LARD: a new lymphoid-specific death domain containing receptor regulated by alternative pre-mRNA splicing

Abstract

Fas and TNF-R1 are cysteine-rich cell surface receptors related to the low-affinity nerve growth factor receptor family. Engagement of these receptors by their respective ligands, FasL and tumor necrosis factor, leads to apoptosis that is signaled through a conserved intracellular portion of the receptor termed the "death domain." We have cloned a new member of this family, lymphocyte-associated receptor of death (LARD), which leads to spontaneous apoptosis when expressed in 293T cells. The expression of LARD is more tightly regulated than that of either Fas or TNF-R1 as it is found predominantly on lymphocytes (T and B cells) but not on macrophages or a number of transformed lymphocyte cell lines. Alternative pre-mRNA splicing generates at least 11 distinct isoforms of LARD. The full-length isoform, LARD-1, extends to include the transmembrane and death domains, whereas the other isoforms encode potentially secreted molecules. Naive B and T cells express very little LARD-1 but express combinations of the other isoforms. Upon T cell activation, a programmed change in alternative splicing occurs so that the full-length, membrane-bound LARD-1 predominates. This may have implications for the control of lymphocyte proliferation following activation.

Figure 1

Alignment of the death domain of LARD with the death domains of other proteins.

Figure 2

Multiple-human-tissue Northern blot probed with LARD cDNA (Upper) and β-actin (Lower). Lanes: 1, spleen; 2, thymus; 3, prostate; 4, testis; 5, ovary; 6, small intestine; 7, colon; 8, PBL.

Figure 3

RNase protection analysis on lymphocyte subsets. (Upper) LARD expression; (Lower) control protection using a β-actin probe. Lanes: 1, control (no RNA); 2, unstimulated PBL; 3, phytohemagglutinin (PHA)-blasted PBL; 4, CD4⁺ cells; 5, CD8⁺ cells; 6, B cells; 7, macrophages.

Figure 4

Cell death was assessed by trypan blue staining and expressed as a percentage of the total. (A) Cells transfected with CD8 alone or cotransfected with CD8 and LARD. (B) effects of crosslinking with an anti-Fas mAb.

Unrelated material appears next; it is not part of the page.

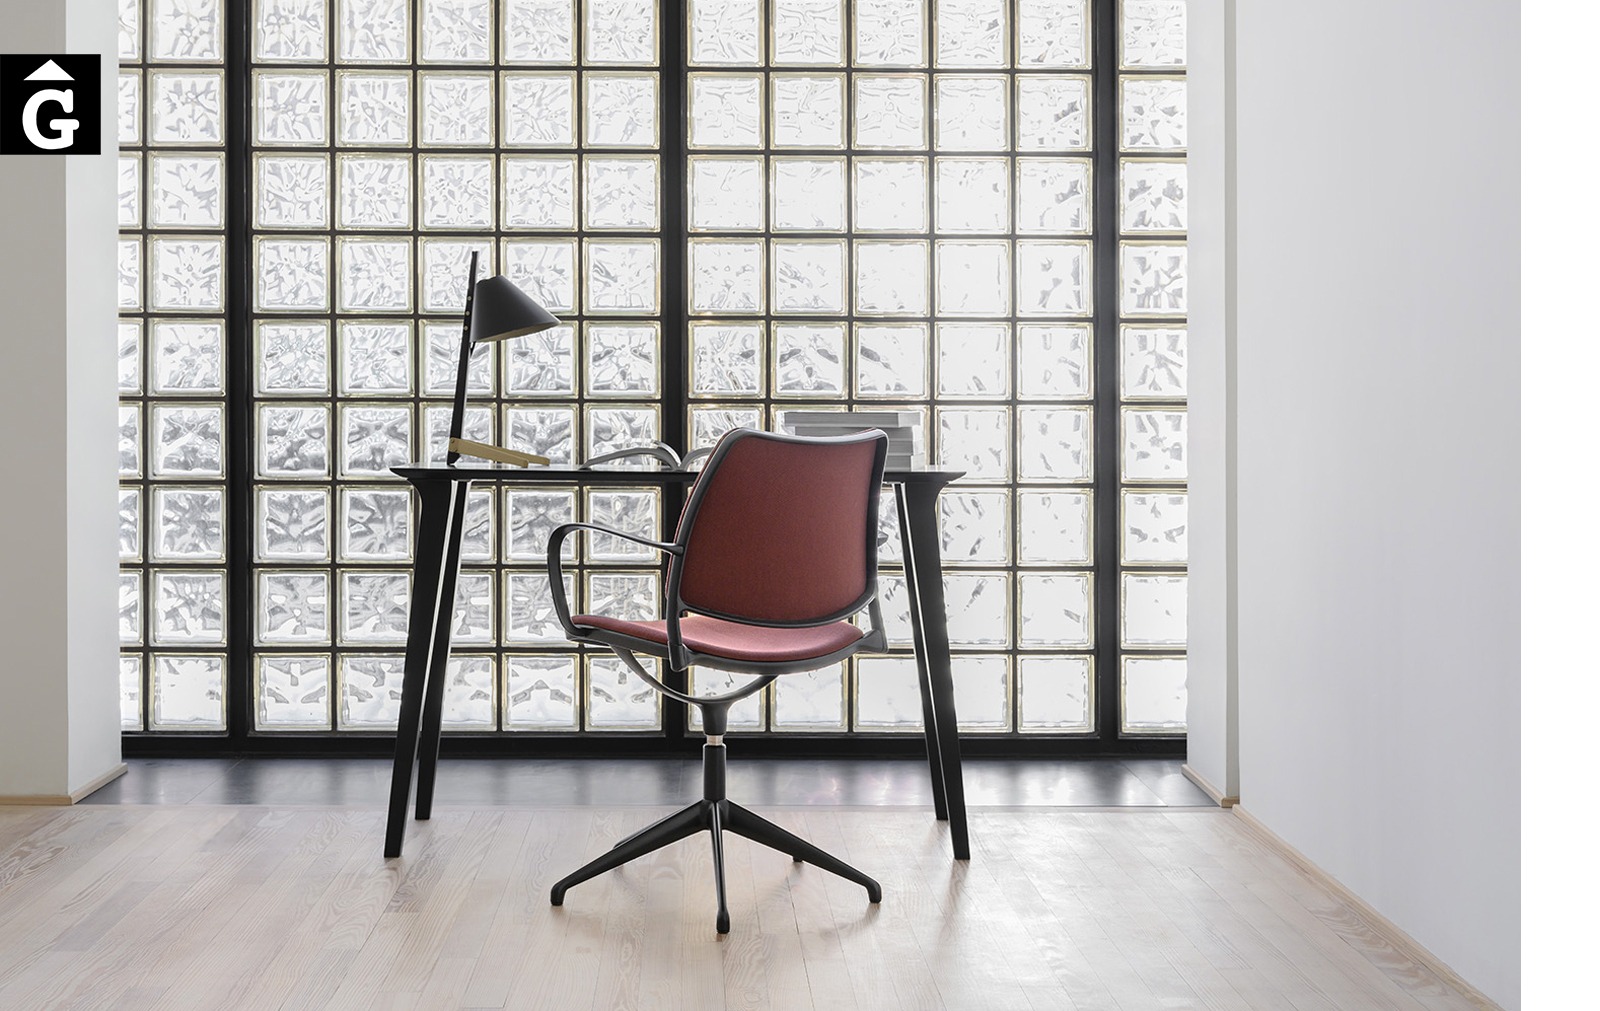 Moble escriptori Lau | Stua | mobles de qualitat i disseny | mobles Gifreu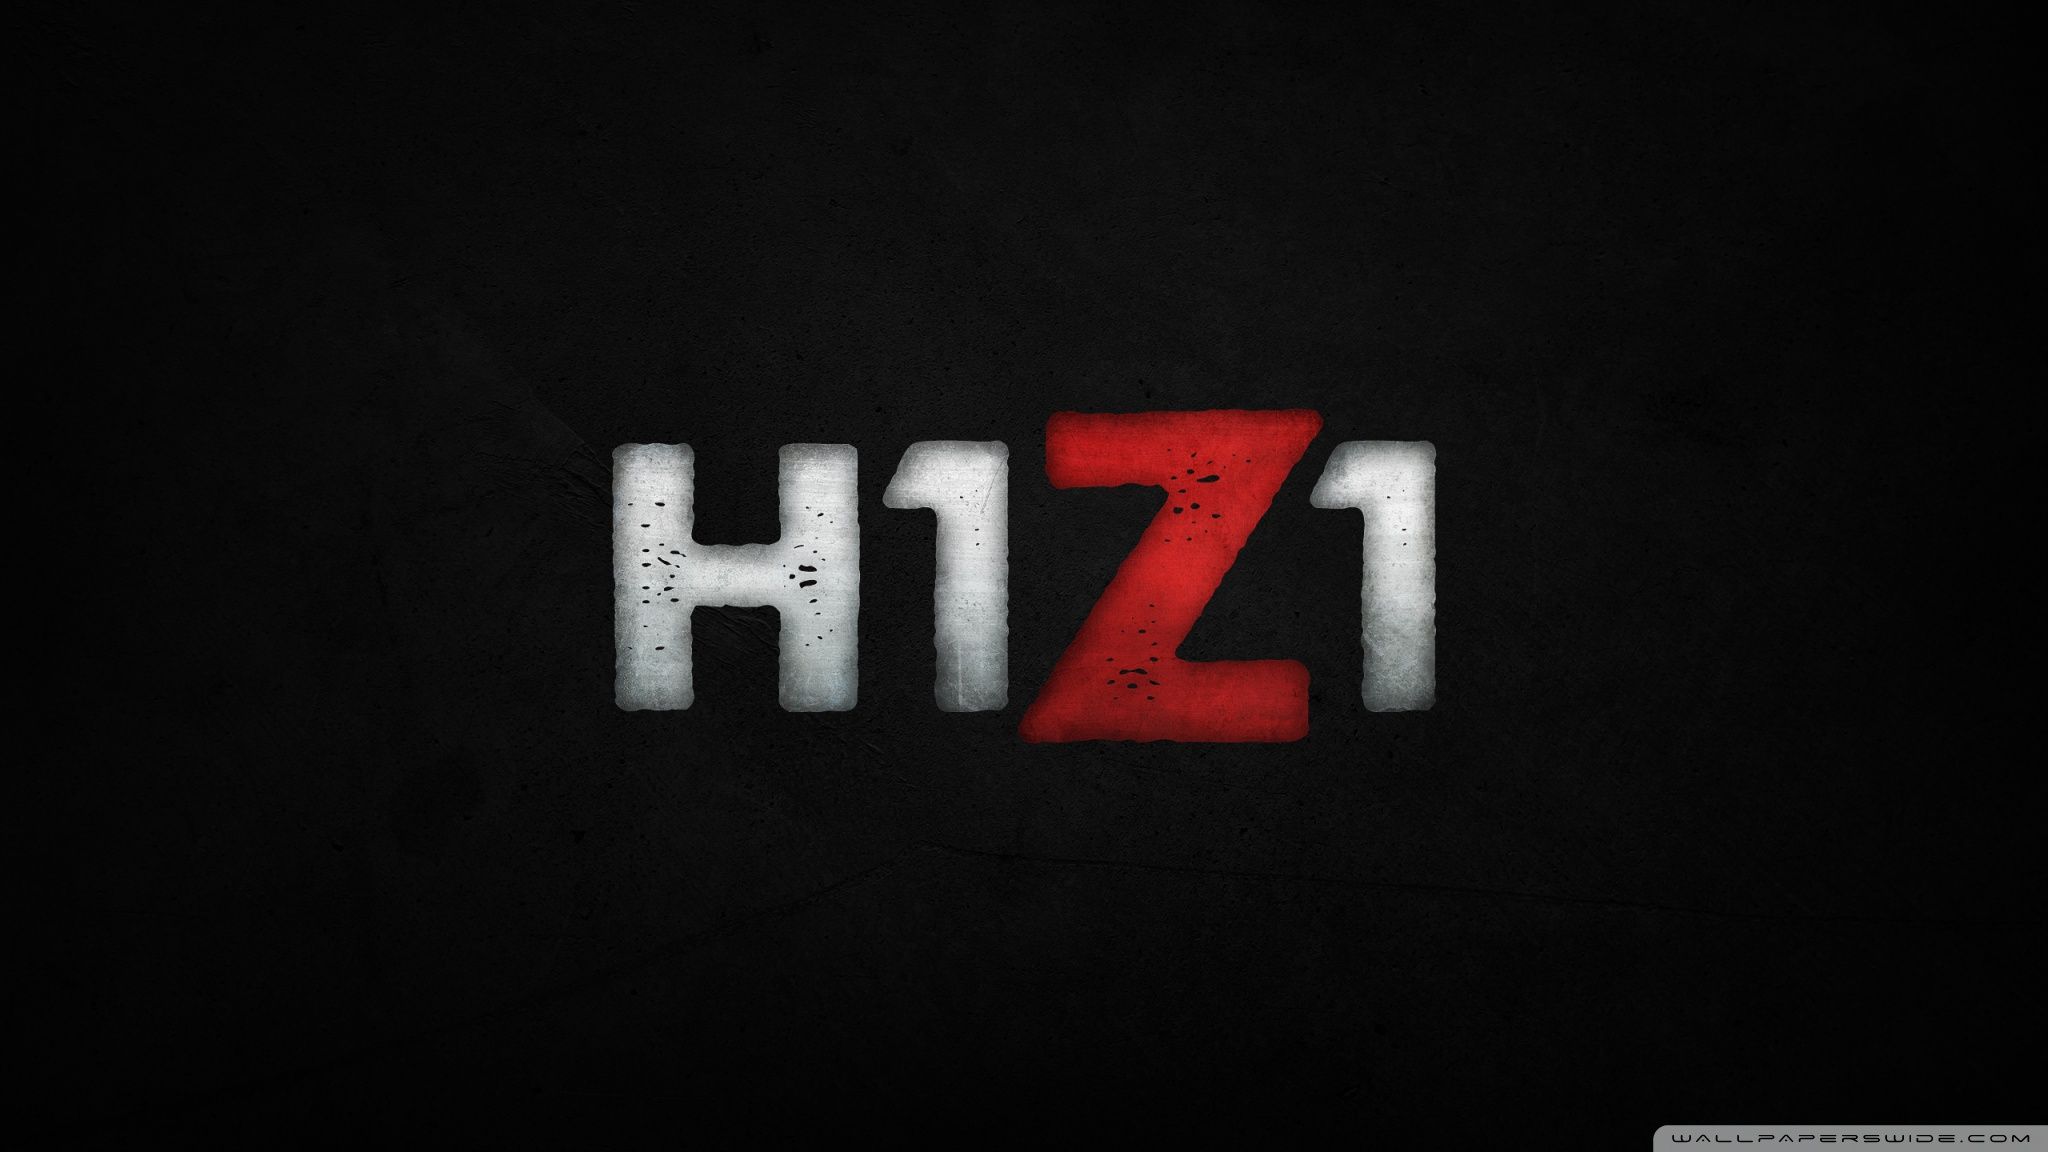 H1Z1 Ultra HD Desktop Background Wallpaper for: Widescreen

F, Fas; L, LARD; F/L, Fas/LARD chimera. (C) Expression of Fas on transfected cells analyzed by a fluorescence-activated cell sorter. These data are representative of three separate experiments.

Figure 5

(A) Schematic representation of the LARD protein drawn above the proposed genomic structure showing the leader peptide, four NGFR repeats, the transmembrane domain, and the death domain. (B) A proposed scheme for the genomic structure of LARD is represented above the prototype LARD-1 cDNA. Alternatively spliced clones LARD-2 through -11 are represented below LARD-1. Positions of the termination codons are represented by an asterisk above the clones. The CAG insertion in clone LARD-1b is indicated above LARD-1.

Figure 6

(A) Southern blots of reverse transcriptase–PCR of LARD cDNA with primers F LARD Kpn and R LARD Xba probed with ³²P-labeled primer F LARD Xba. Lanes: 1, CD4⁺ cells; 2, CD8⁺ cells; 3, B cells; 4, PHA-blasted PBL; 5, negative control. (B) Ethidium-stained control PCR with glyceraldehyde-3-phosphate dehydrogenase primers. Lanes: 1 and 7, φX HaeIII markers; 2, negative control; 3, CD4⁺ cells; 4, CD8⁺ cells; 5, B cells; 6, PHA-blasted peripheral blood mononuclear cells.